Friday, December 2, 2011

Prominent Baptists weigh in on culture of silence in sex abuse cases

In the last week, several leading Baptists have discussed the role of churches in concealing sex abuse.  In articles and comments to the media, many of these Baptists have referenced the developing Langworthy/Morrison Heights/Gunn story.    

Bob Allen, the managing editor of the Associated Baptist Press has followed this story closely.  In his November 22 article, Allen notes that churches are typically not the first reporters of sexual abuse.  Allen cites the situation at Morrison Heights as an example:
Much more recently, police in Clinton and Jackson, Miss., launched an investigation after John Langworthy confessed to “sexual indiscretions” committed decades earlier with younger males. A few weeks earlier Langworthy had resigned as longtime associate pastor of music and ministries of Morrison Heights Baptist Church in Clinton. He now faces eight felony charges and is scheduled to stand trial April 2.
Church elders conducted their own investigation and resisted sharing what they learned with law enforcement, citing clergy-penitent privilege. After Langworthy’s confession, it became public that he was fired in 1989 over abuse allegations at Prestonwood Baptist Church in Dallas, but church leaders including future SBC president Jack Graham failed to report it to the police as required by law.
Graham has not commented publicly on the revelation. Greg Besler, senior pastor of Morrison Heights Baptist Church, was guest preacher for chapel at Southern Seminary on Oct. 25, one week after Langworthy pleaded not guilty in court. 
Allen points out that, “In light of the recent Penn State scandal, Southern Baptist Theological Seminary President Albert Mohler and Ethics and Religious Liberty head Richard Land have made public comments that it is imperative for Christians who suspect abuse to go immediately to the police.

In his Wednesday article “Church leader questioned about handling of sexual abuse allegation”, Allen explores Philip Gunn’s involvement in the Langworthy matter and closes the piece with this quote from Dr. Mohler, “We all know more than we knew before, and we are all responsible for that knowledge.  The costs of acting wrongly in such a situation, or acting inadequately, are written across today’s headlines and the moral conscience of the nation.  The tragedy of Penn State is teaching the entire nation a lesson it dare not fail to learn.”

In another Wednesday article, the Louisville Courier-Journal’s Peter Smith explored the call of numerous Baptist leaders for the immediate reporting of all information pertaining to sexual abuse to law enforcement. 
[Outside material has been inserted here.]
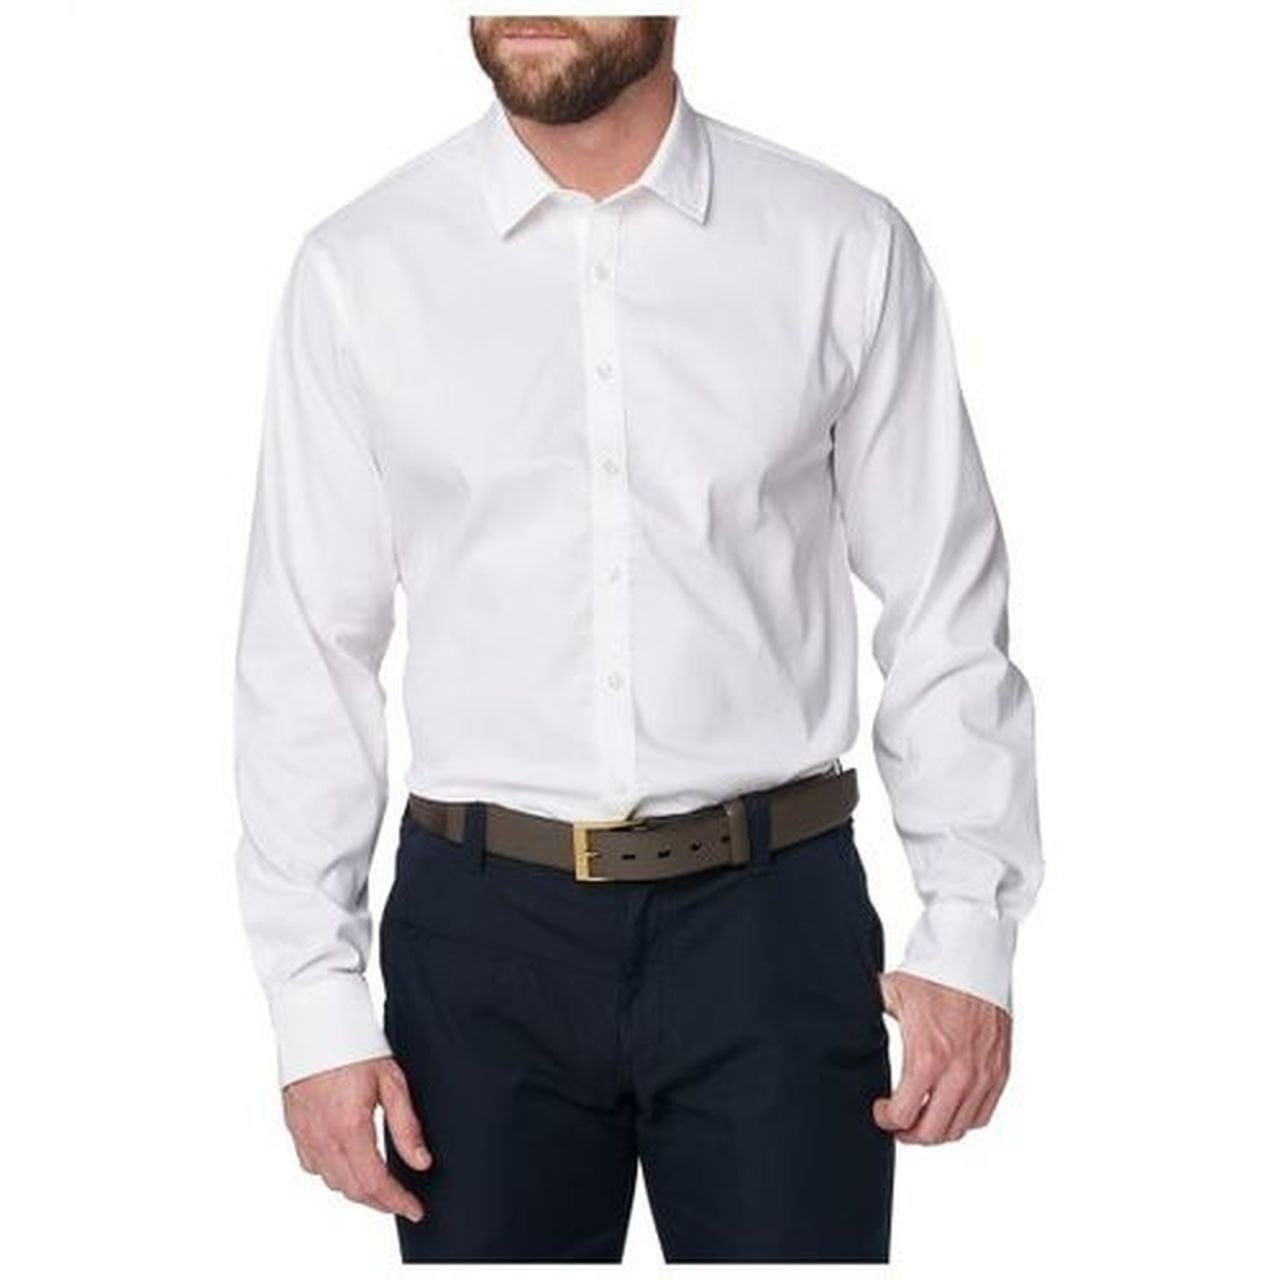 5.11 Tactical - 5.11 Tactical Men's Mission Ready Fitted Dress Shirt ...

In an op-ed piece by Christa Brown that was recently published by the Associated Baptist Press, Brown says that preaching about reporting is not enough:
Just as internal reporting is not enough, neither is it enough for denominational authorities to simply preach to local churches about reporting to the police. To pretend otherwise is an abdication of institutional responsibility and an abandonment of moral responsibility.
In the real world, Southern Baptist churches are rarely the first party to report child sex abuse by clergy to the police. The fact that churches typically don’t report their pastors is what often allows the limitations period to run so that criminal prosecution becomes impossible.
This reality must be dealt with, and preaching about it isn’t enough. There must be institutional consequences for church leaders who don’t report child sex abuse and for churches that engage in keep-it-quiet cover-ups.
And no one -- no one -- should be above scrutiny.
This means that even high honchos such as former Southern Baptist president Jack Graham should be subjected to scrutiny. With Graham at the helm, leaders of the 27,000-member Prestonwood Baptist Church failed to report child sex abuse allegations against one of its ministers, allowing the man to move on to other churches and placing other kids at risk. That minister now faces child sex charges in Mississippi.
The Southern Baptist Convention should follow the example of Penn State and engage a team of independent outside professionals to conduct an internal investigation of how and why allegations of child sex crimes were kept quiet at one of its most prominent and powerful churches. How did the system allow for such an abysmal failure, and how should the system be restructured to make such failures less likely?
After dealing with Prestonwood, the SBC should then use the team to establish an independent denominational review board with the power to receive, assess and track clergy abuse allegations, and to investigate other accounts of church cover-ups.
Accountability systems are essential for child safety, and accountability systems require outsiders.
Brown is the author of This Little Light: Beyond a Baptist Preacher Predator and His Gang, and the blogger over at Stop Baptist Predators.